→ Required action: Copy out each line of the material exactly. Pictures do not belong in the copy.

→ Recorded data:

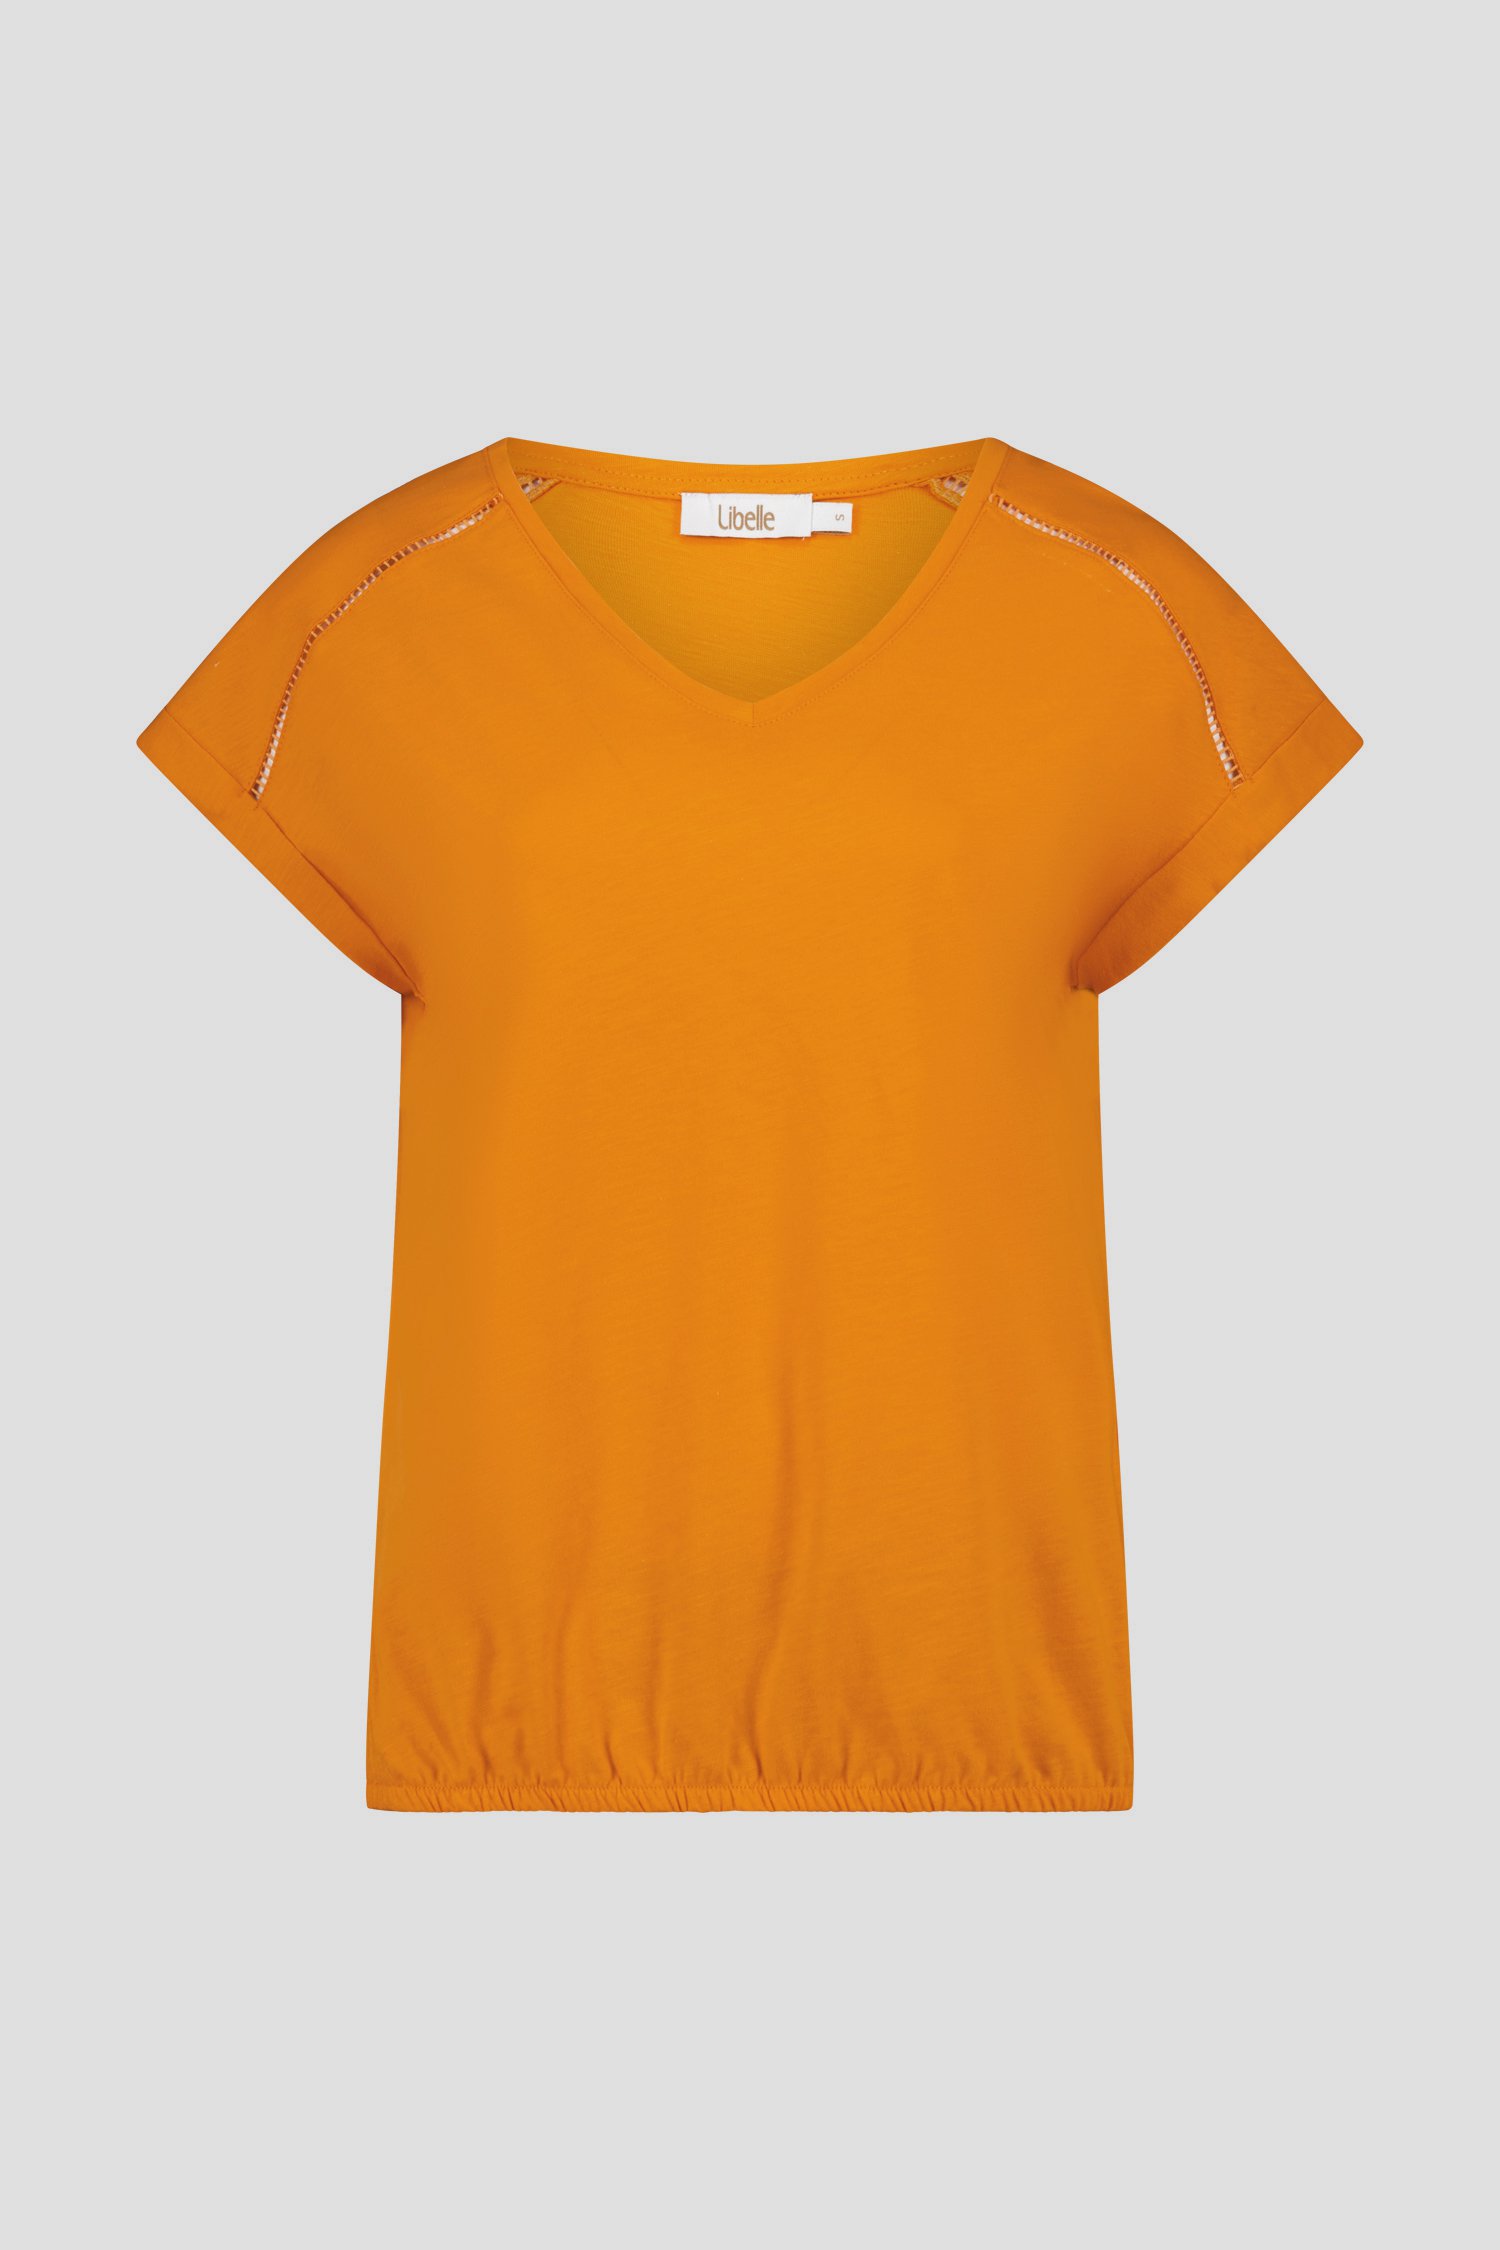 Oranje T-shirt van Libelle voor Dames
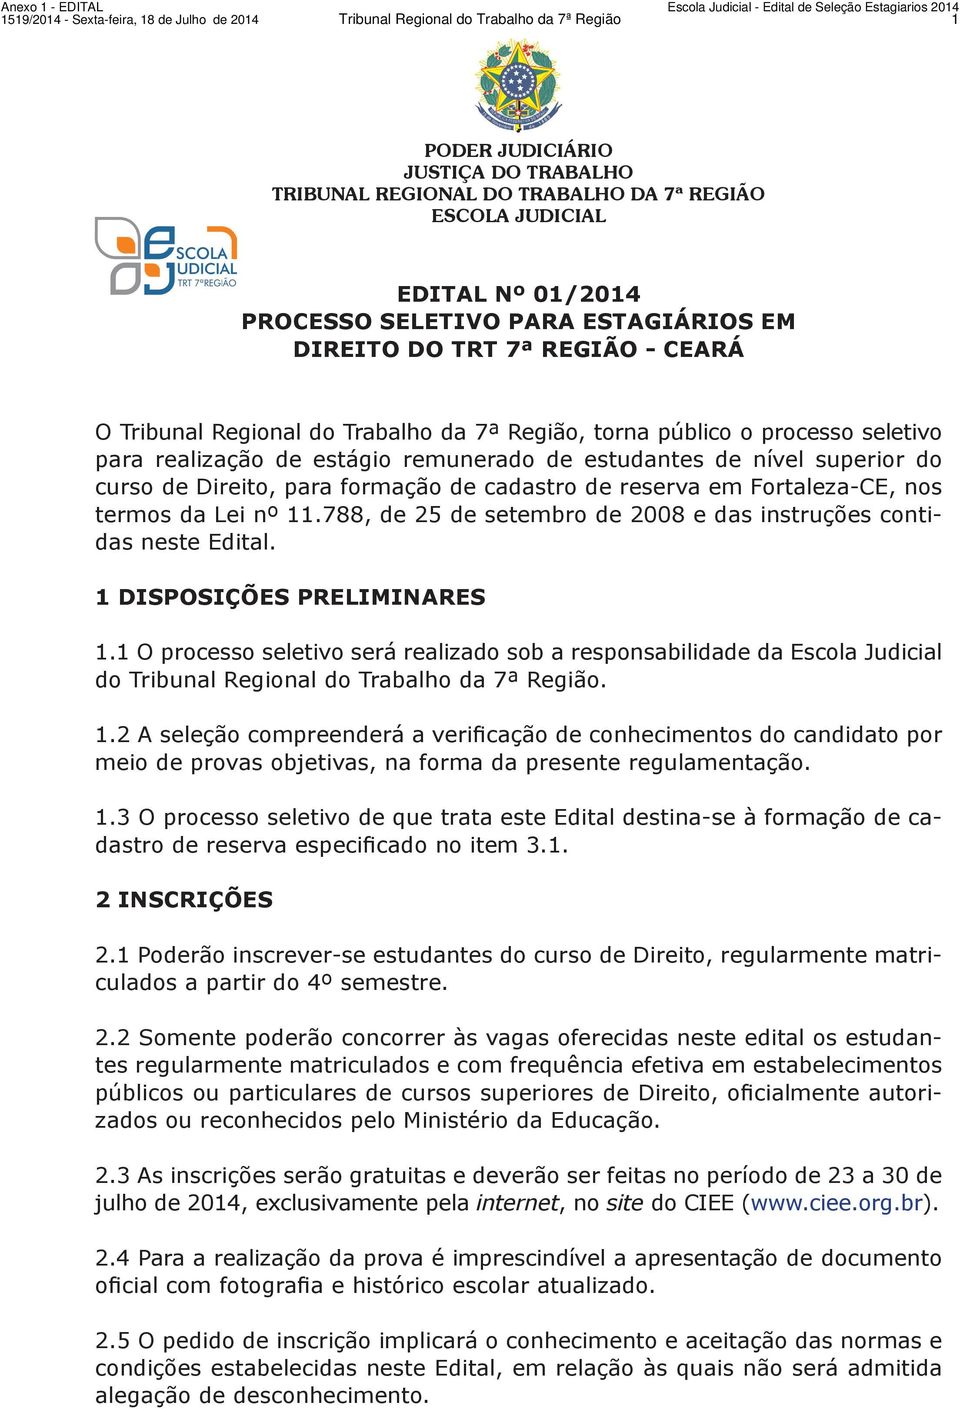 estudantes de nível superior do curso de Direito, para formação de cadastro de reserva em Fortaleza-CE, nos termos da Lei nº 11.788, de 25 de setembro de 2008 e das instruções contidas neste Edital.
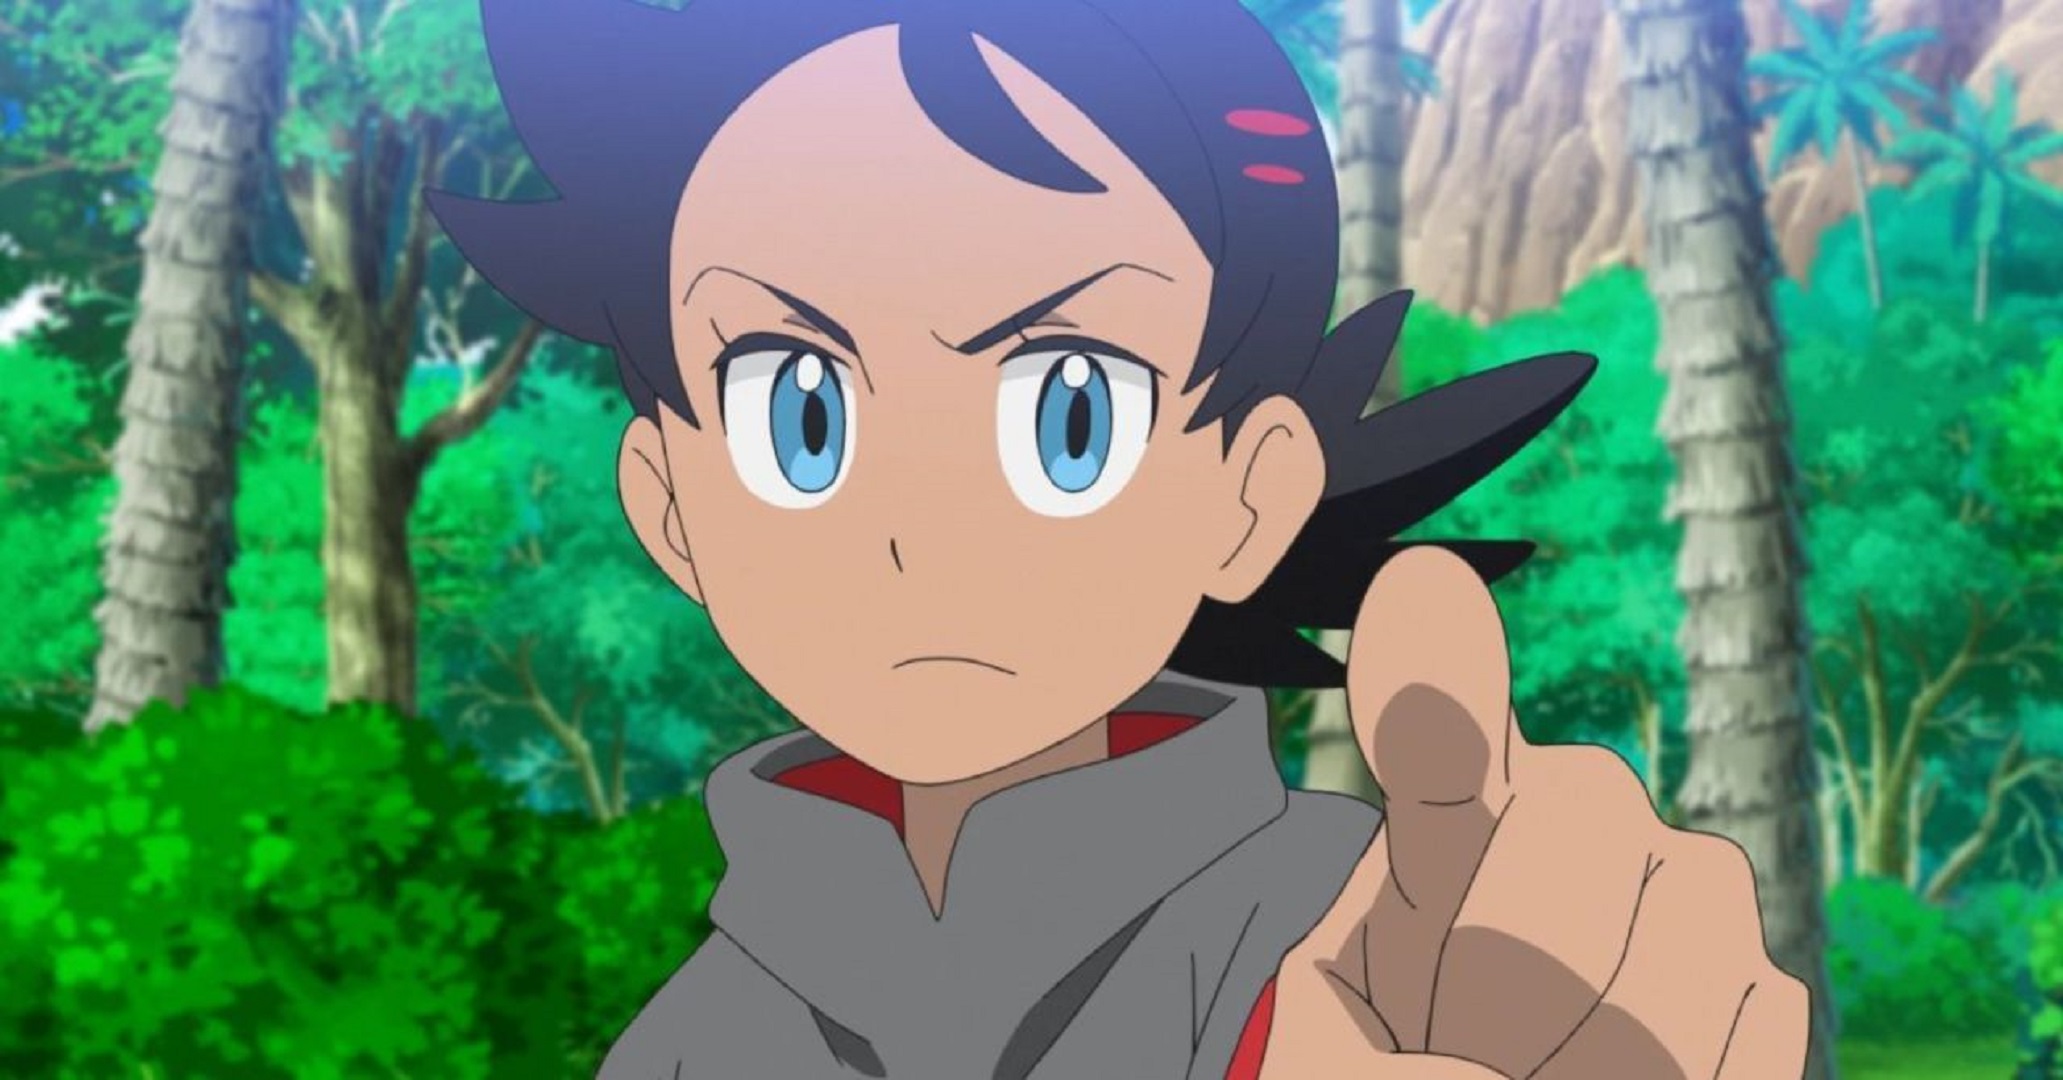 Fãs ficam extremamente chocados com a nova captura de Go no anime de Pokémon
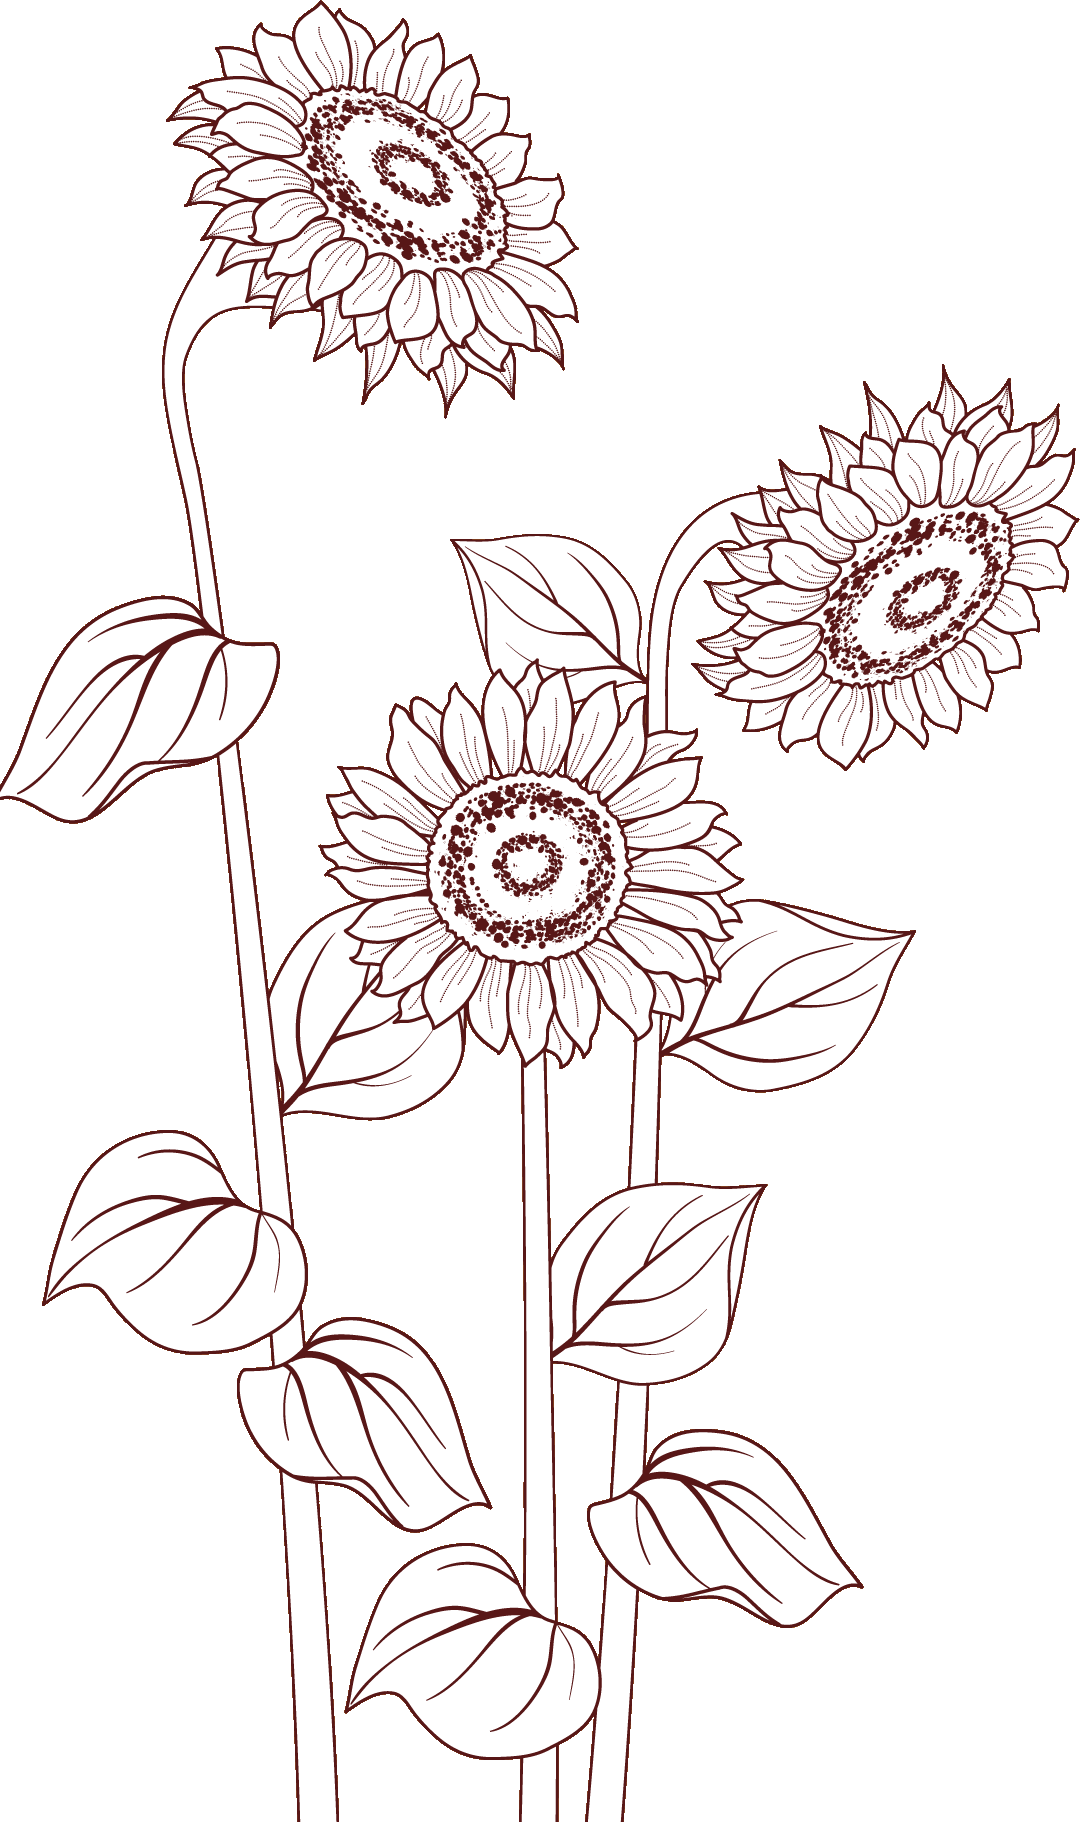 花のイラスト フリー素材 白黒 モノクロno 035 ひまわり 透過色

→ Solution to the problem:
 Oranje T-shirt van Libelle voor Dames
 estudantes de nível superior do curso de Direito, para formação de cadastro de reserva em Fortaleza-CE, nos termos da Lei nº 11.788, de 25 de setembro de 2008 e das instruções contidas neste Edital.
 Fãs ficam extremamente chocados com a nova captura de Go no anime de Pokémon
 花のイラスト フリー素材 白黒 モノクロno 035 ひまわり 透過色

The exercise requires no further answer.